Books
Before “The Thin Man”
However legendary their romance, Dashiell Hammett did his best work before he met Lillian Hellman.
For an author who has been dead since 1961 and, more to the point, whose muse went south in 1934, Dashiell Hammett had quite a year in 1999. Knopf published “Nightmare Town,” a collection of his long-neglected shorter works, edited by Kirby McCauley, Martin H. Greenberg and Ed Gorman. And a handsome, compact volume from the Library of America, “Dashiell Hammett: Complete Novels,” marked the return to hardcover of the five full-length fictions that forged his reputation — “Red Harvest,” “The Dain Curse,” “The Maltese Falcon,” “The Glass Key” and “The Thin Man.”
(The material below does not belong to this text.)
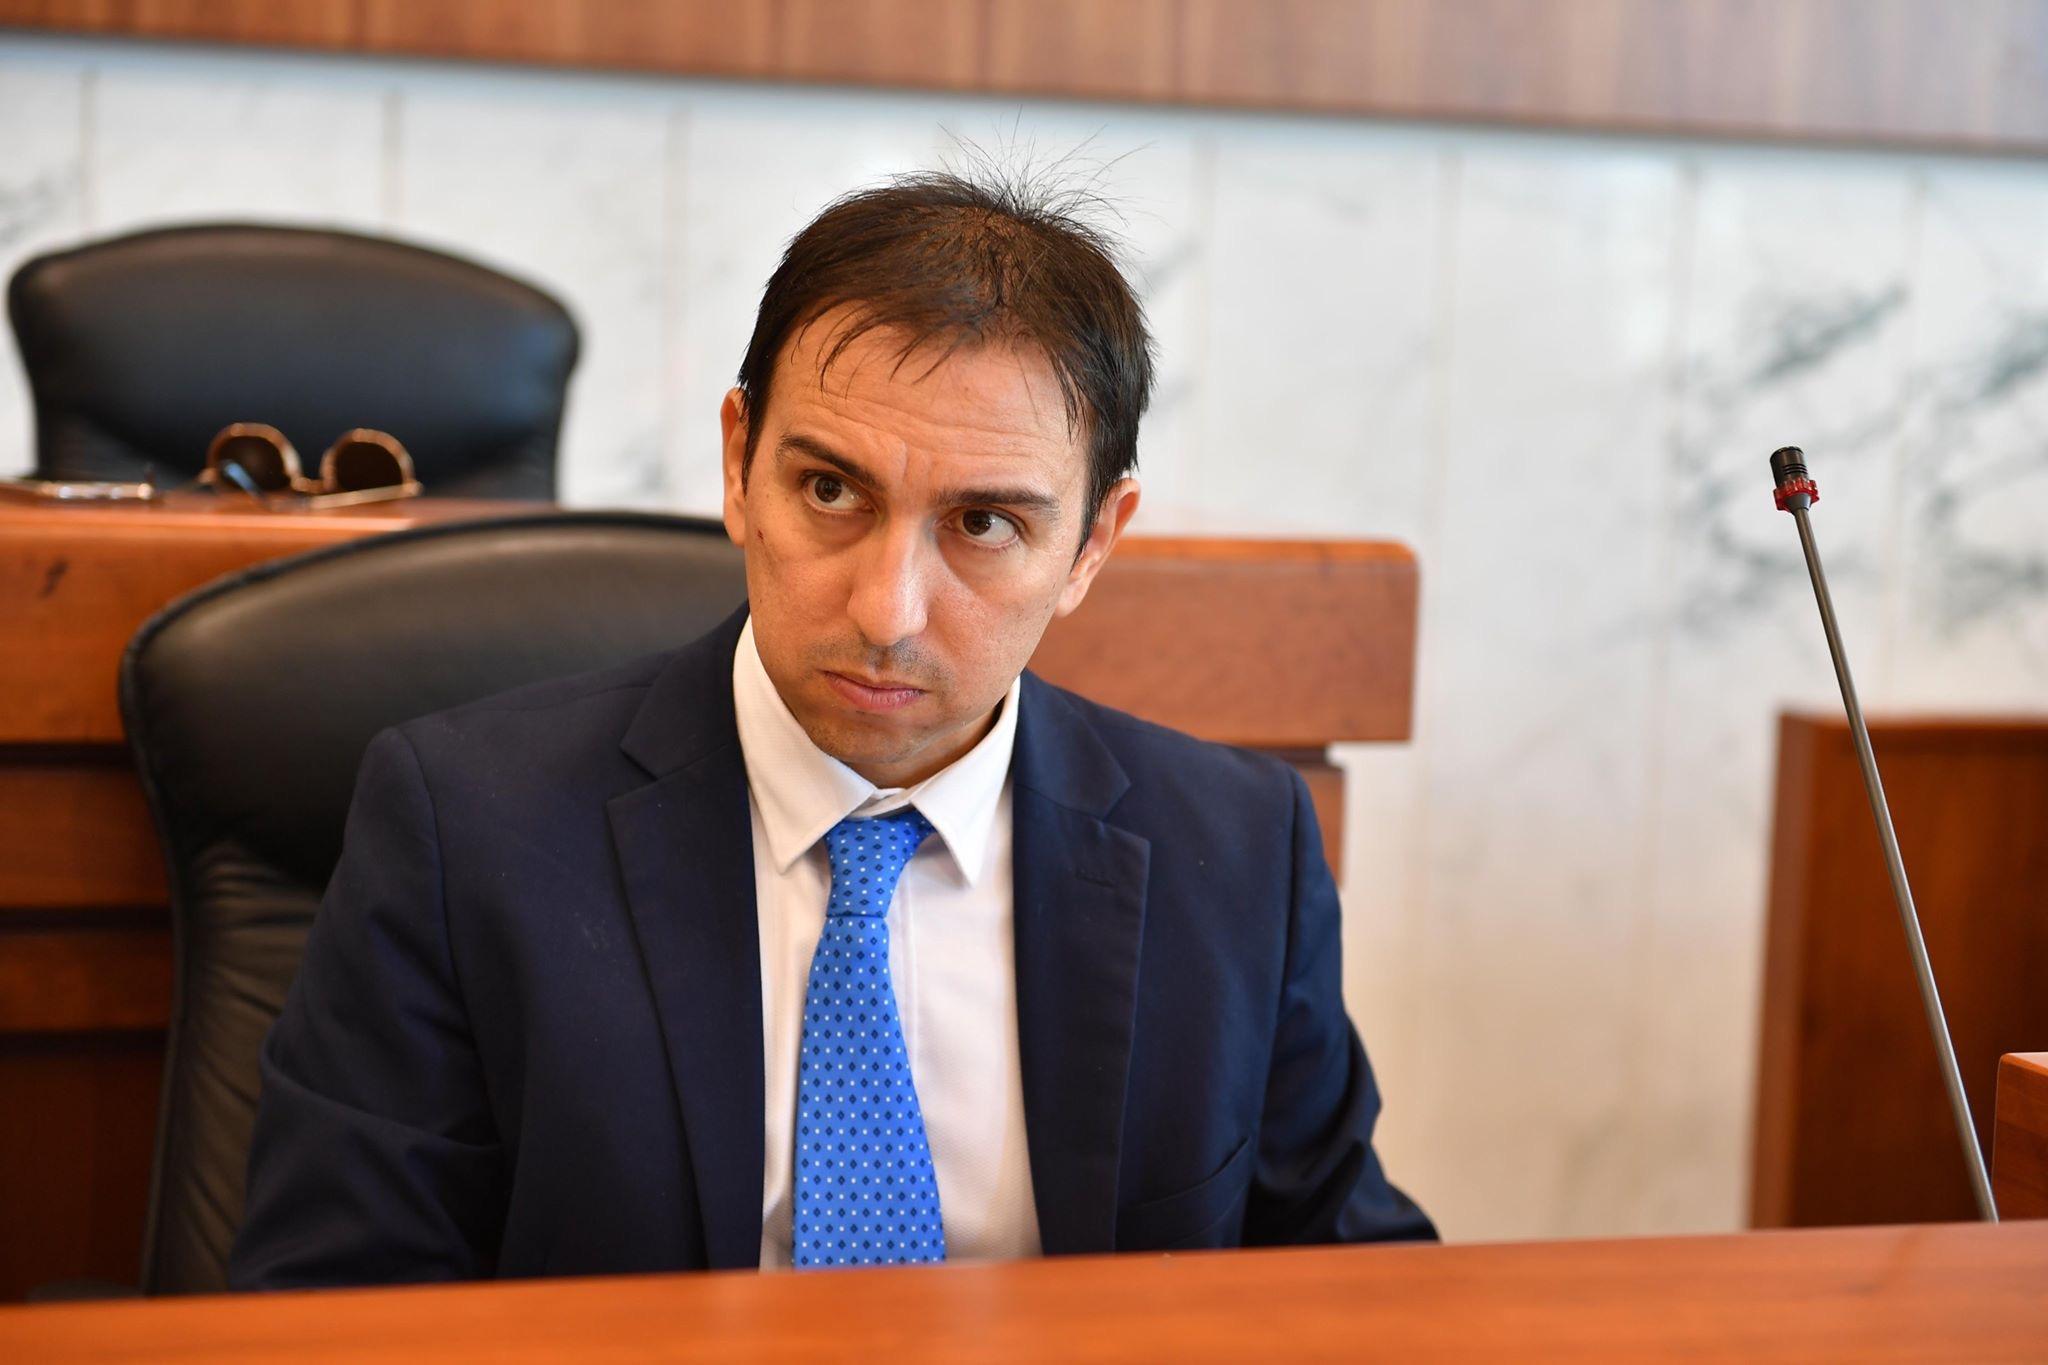 Brogli elettorali, parla Castorina: «Dette tante bugie e ipocrisie. Estraneo ai fatti contestati»

These two recent literary helpings of Hammett serve as notice to some and a reminder to others that there was a time when he was more famous for his fiction than for being Lillian Hellman’s sparring partner and literary guru. They also suggest that his creative flow seems to have stemmed at the tail end of 1930. Earlier that year, he had completed the novel “The Glass Key.” He also had begun a new manuscript, “The Thin Man,” that he would eventually discard in favor of a very different sort of mystery with that same title. As he wrote to a friend, “My publisher and I agreed that it might be wise to postpone the publication of ‘The Glass Key’ … So — having plenty of time — I put [the] 65 ["Thin Man"] pages aside and went to Hollywood for a year. One thing and/or another intervening after that, I didn’t return to work on the story until a couple of years had passed — and then I found it easier … to start anew.”
The “one thing and/or another” included the sale of “The Maltese Falcon” to Warner Bros., the signing of a contract with Paramount and, at the Hollywood Roosevelt Hotel ballroom on Nov. 22, 1930, a chance encounter with a script reader named Lillian Hellman that would radically change the remaining three decades of his life.
The short stories and novels written prior to 1931 are the works of an inventive, disciplined, dedicated author. The relatively little creative writing that he managed between 1931 and 1934, while certainly publishable and in most cases entertaining, didn’t quite compare with what had come before.
Take the novels. The first four, the ones that set the pattern for the hard-boiled mystery, that intrigued (and probably influenced) such disparate writers as Andri Gide, Ernest Hemingway and William Gibson, that led an imprisoned Chester Himes from a life of crime into a life of crime fiction, seem pretty much undamaged by time. Six decades of other writers and filmmakers pecking at the bones of their plots have robbed them of some of their originality. But the tough, unsentimental, realistic style that prompted Raymond Chandler to label Hammett “the ace performer” is still very much alive and well on their pages.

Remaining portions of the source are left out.